As you survey your rapidly shrivelling garden and ponder the threat of a hosepipe ban, the last thing you want to hear is that your water bill is going up again.
If you haven't received a letter about it yet, it is only a matter of time. The average water bill is rising by 5.7pc in April, while some unlucky customers will find their bills rise by 8pc – double the current inflation rate – from next month. The rise in bills depends on where you live, and recent government figures show that some regions have seen the amount they pay on water rise far more quickly than others.
Customers in the South West pay the highest average bill – for water only – at £323 a year, while those in Portsmouth pay just £103. On top of this, most households must pay to have their sewage taken away, which further bumps up the cost.
Every water company has raised its bills by more than inflation in the past decade, even though this is a regulated industry and price rises have to be agreed with Ofwat, the regulator.
Unfortunately, unlike with electricity and gas, you cannot switch your water company.
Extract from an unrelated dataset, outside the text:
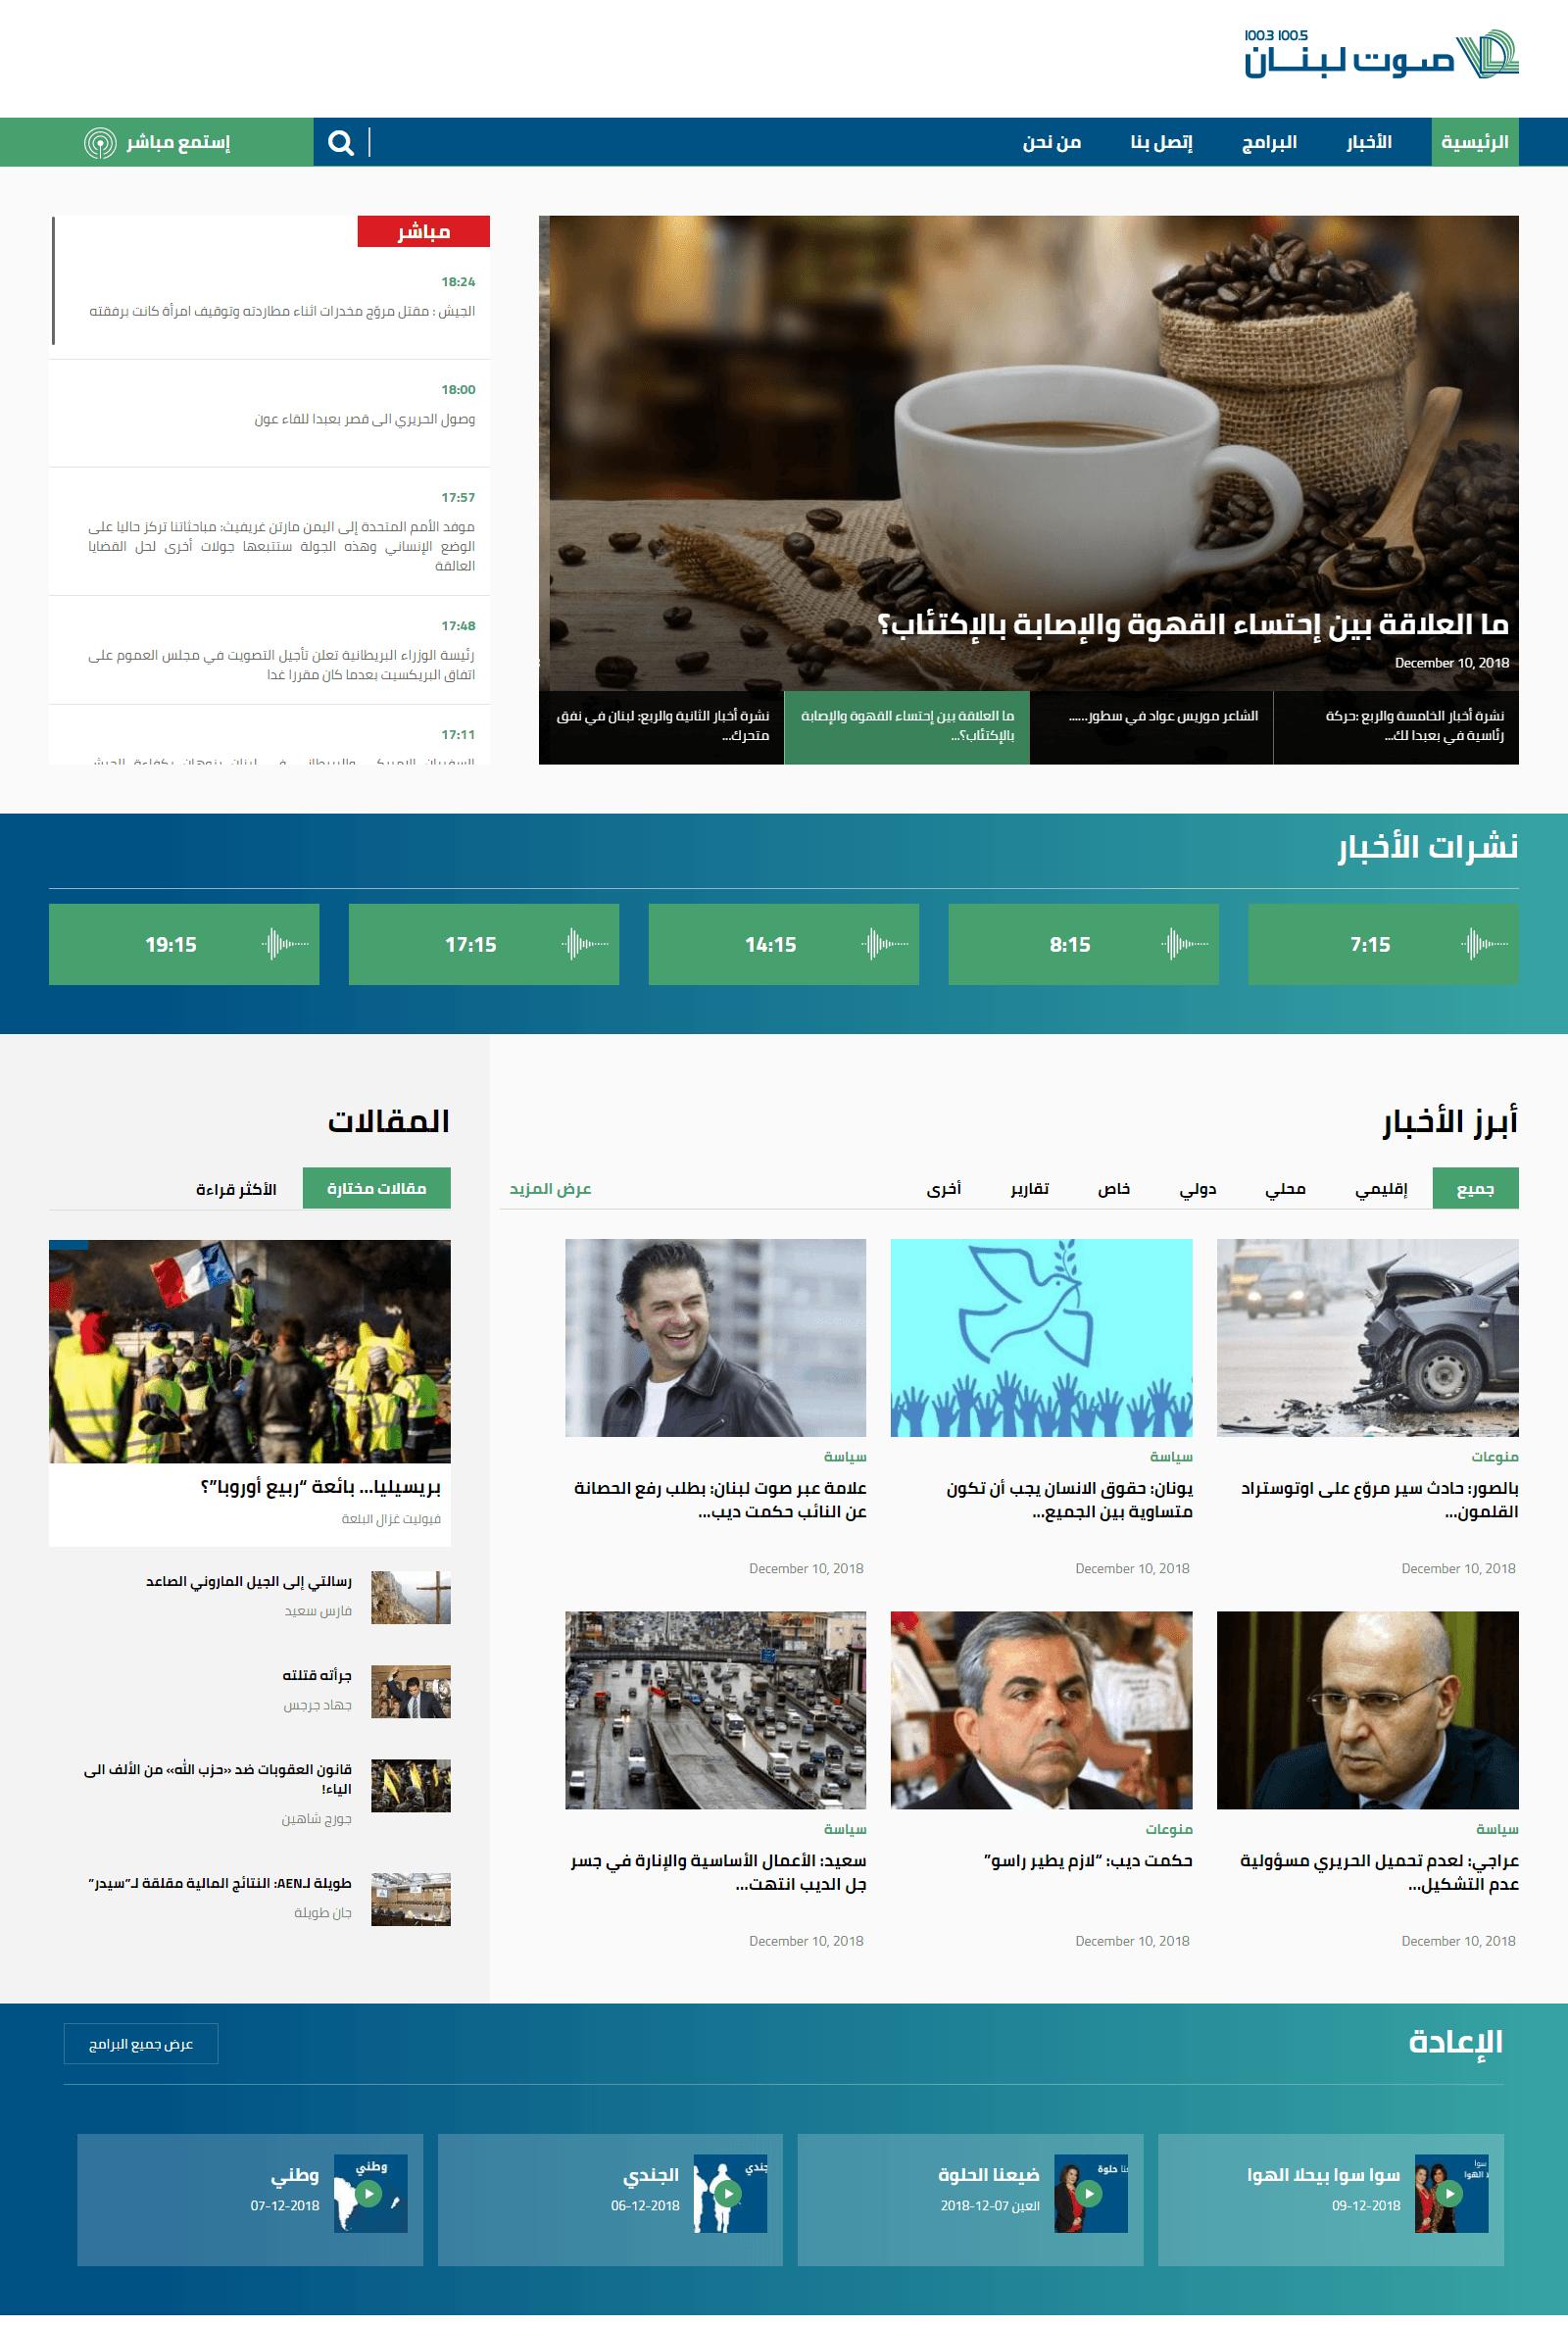 VDL (Voix du liban)
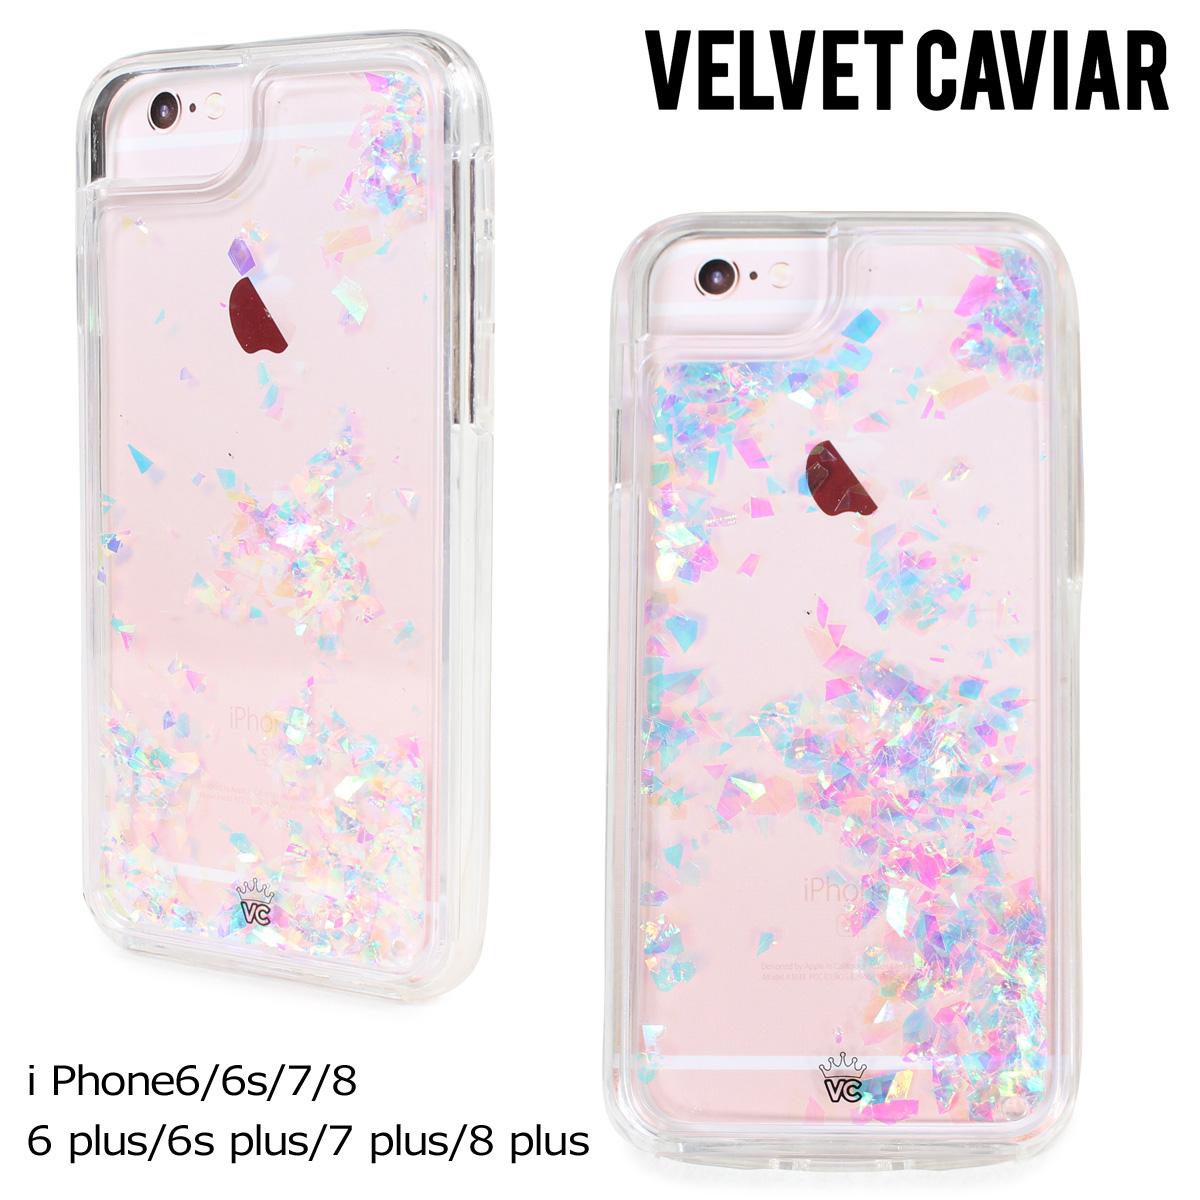 new product ba8f6 f5c59 Velvet Caviar FLAKES DUAL IPHONE CASE velvet caviar iPhone8 iPhone7 8 Plus  7Plus 6s six cases smartphone iPhone case eyephone iPhone velvet Lady's ...

Instead, you are forced to put up with whoever supplies the area in which you live. South West Water says that its own bills have risen partly because customers are spread across a "very wide area". The result is higher-than-average infrastructure costs and a lower-than-average number of customers to share the costs. For example, pumping drinking water over hills to isolated communities is more expensive than supplying a large town," says a spokesman. Other companies, such as Thames Water, which supplies London, blame the rising bills on the amount of work needed to keep ancient pipes from leaking. The price comparison site uSwitch has described rising water bills as a "relentless drain on our finances".
"This price increase will add to the pressure that consumers are under and will erode the breathing space afforded by the recent small fall in energy bills," says Ann Robinson, director of consumer policy. However, she added that there is one thing that some customers can do to save money on water, and that is to switch to a water meter. It is important that you do not do this as a kneejerk reaction when you get your water bill. Since a meter will charge you for your consumption, rather than you paying a flat rate for all the water you use, it is not suitable for everyone.
Water companies estimate that about half of households would pay less on meters.
The rule of thumb is that if you have more bedrooms than there are people living in your home, you will probably benefit from a water meter. This is because your previously unmetered bill will have been calculated on how big your home is, rather than how much water you use. So if your house is "underoccupied" and you are not metered, you are likely to use less water than you are being billed for.
According to uSwitch, getting a water meter installed could save you £54 a year, as long as you fall into the right category of user. The company has a calculator on its website which asks detailed questions about, for example, how much washing you do and whether you have a power shower.